I love my 325i... and no, I don't ever wish I had a ci. I think the E46 is the greatest looking sedan on the road. It looks very sporty despite the 4 doors. I really appreciate the convenience of the 4 door sedan.

Don't get me wrong, I love the looks of the ci too... but I guess age is catching up to me (turning 30 this year :yikes: ). My last car was a coupe, and while I liked it, I kept wishing I had a sedan.

Your mileage may vary...


----------



## Trea (Apr 15, 2002)

*The coupe is sexy...*

the sedan says mom and pop to me IMHO....


----------



## AF (Dec 21, 2001)

I have found that the driving dynamics between the coupe and sedan are different. 

The sedan to me is actually more tossable and just seems to be a tighter car then the coupe. You also sit more upright in the Sedan which gives you a better view of the road. 

If driving dynamics is your most important factor, I would go with the sedan (without the folding rear seat) over the Coupe. It provides an extremely solid car, for some reason, the sedan feels more agile and seems to take the curves a little more confidently though there is a tiny drop more body sway due to the higher center of gravity.

The Coupe on the other hand is sportier looking no matter what anyone says, it's just the way it is . . . . coupes are sportier than sedans . . . 

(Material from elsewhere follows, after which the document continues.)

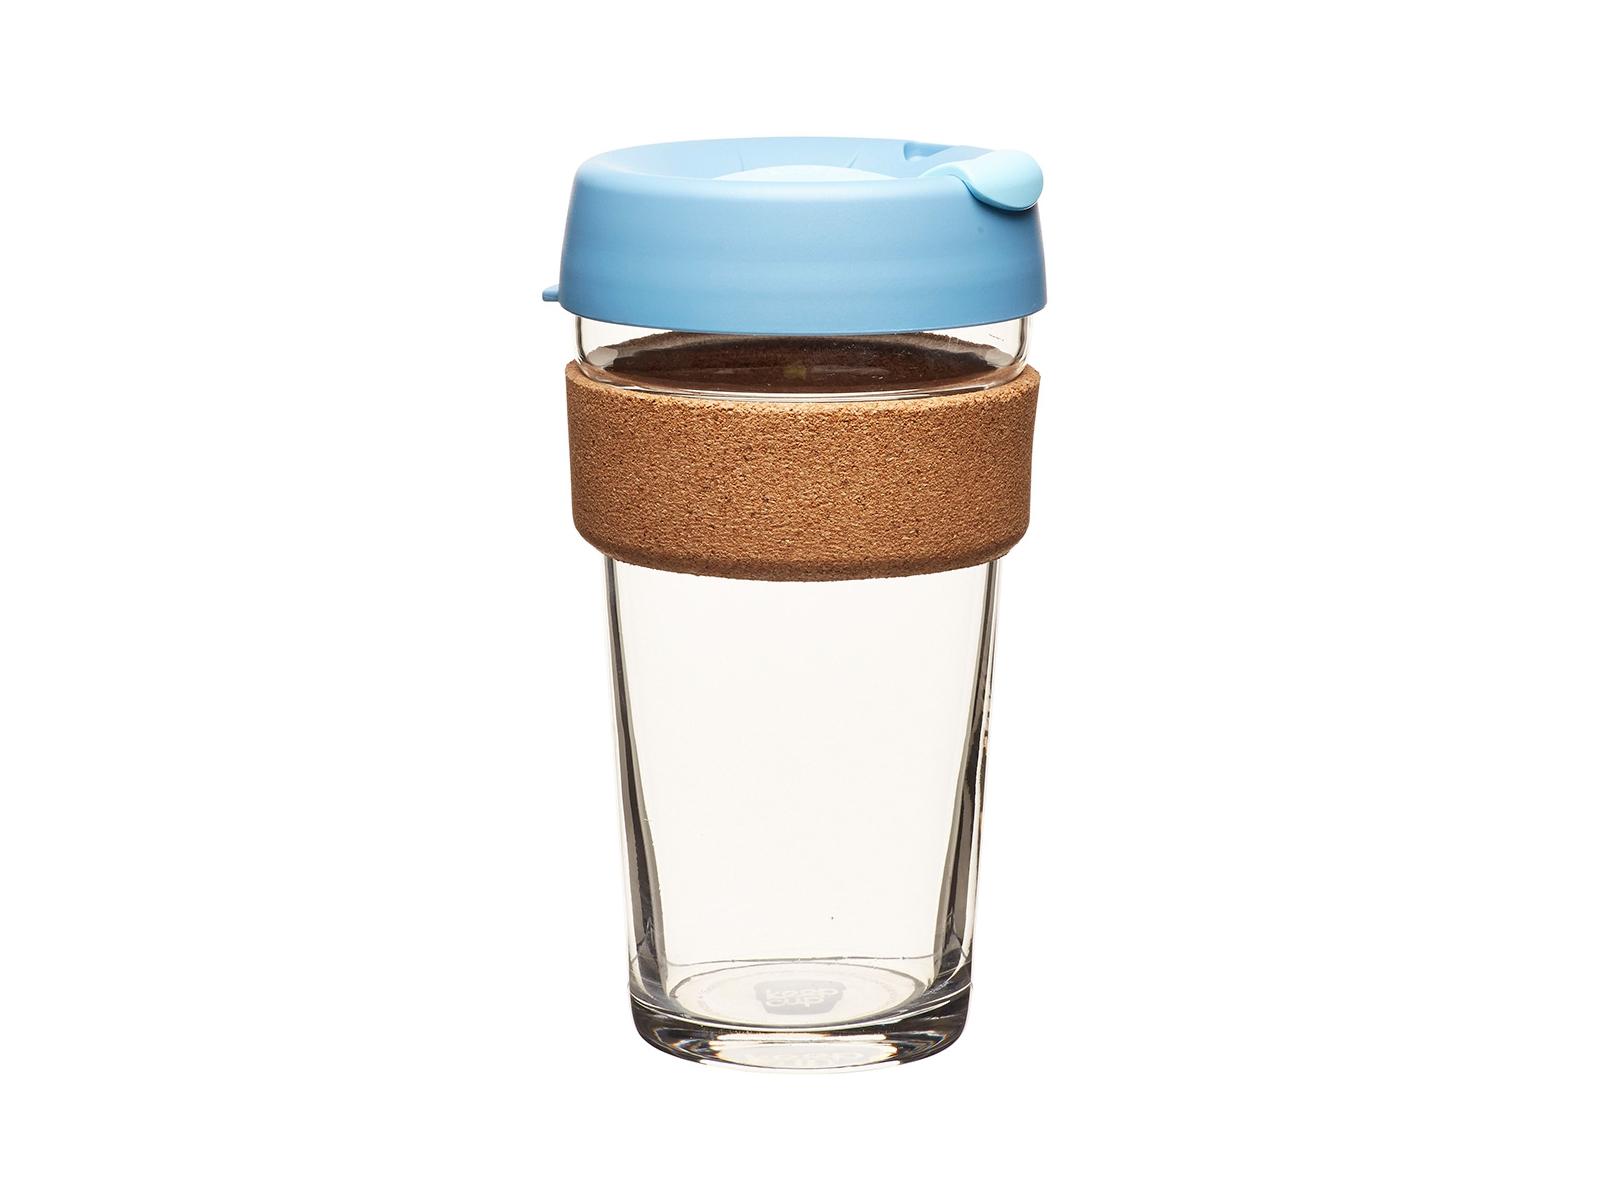 Кружка Keepcup rock saltЧайные пары и чашки<br>Лимитированная серия культовых кружек Keepcup со стенками из закаленного стекла, еще более удобной крышкой и уникальным пояском из пробкового дерева.  <br>Кружка, созданная с мыслями о вас и о планете. Главная идея KeepCup – вдохновить любителей кофе отказаться от использования одноразовых бумажных и пластиковых стаканов, так как их производство и утилизация наносят вред окружающей среде. В год производится и выбрасывается около 500 миллиардов одноразовых стаканчиков, а ведь планета у нас всего одна! <br>Но главный плюс кружки  – привлекательный дизайн, который станет отражением вашего личного стиля. Берите её в кафе или наливайте кофе, чай, сок дома, чтобы взять с собой - пить вкусные напитки на ходу, на работе или на пикнике. Специальная крышка с открывающимся и закрывающимся клапаном спасет от брызг, плотный ободок поможет не обжечься (плюс, удобно держать кружку в руках.<br>Крышка сделана без содержания вредного бисфенола (BPA-free). Корпус - из закаленного стекла, устойчивого к термическому и механическому воздействию.&amp;amp;nbsp;&amp;lt;div&amp;gt;&amp;lt;br&amp;gt;&amp;lt;/div&amp;gt;&amp;lt;div&amp;gt;&amp;lt;span style=&amp;quot;line-height: 24.9999px;&amp;quot;&amp;gt;Объем:&amp;amp;nbsp;454 мл.&amp;lt;/span&amp;gt;&amp;lt;br&amp;gt;&amp;lt;/div&amp;gt;<br><br>Material: Стекло<br>Height см: 15,8<br>Diameter см: 8,8

I find the interior of the coupe to be more comfortable because the b-pillar is not in your way and the drivers door armrest is longer. It feels like your driving a bigger car and as far as the driver is concerned, there is more space. The Coupe sits lower which makes the handling feel flatter and there is less body sway (though we are talking very little difference)

If I were going to go and buy a new 2002 today . . . I would go with the sedan and that is strictly from a driving point of view, it drive's slightly (and we are talking extreme's here) better than the coupe

If looks and image were a major factor, then the Coupe is slicker looking and definitely gives off a sportier image.

Also, let me add . . . this is a viewpoint under a microscope.
Overall, they are both incredible cars !!!


----------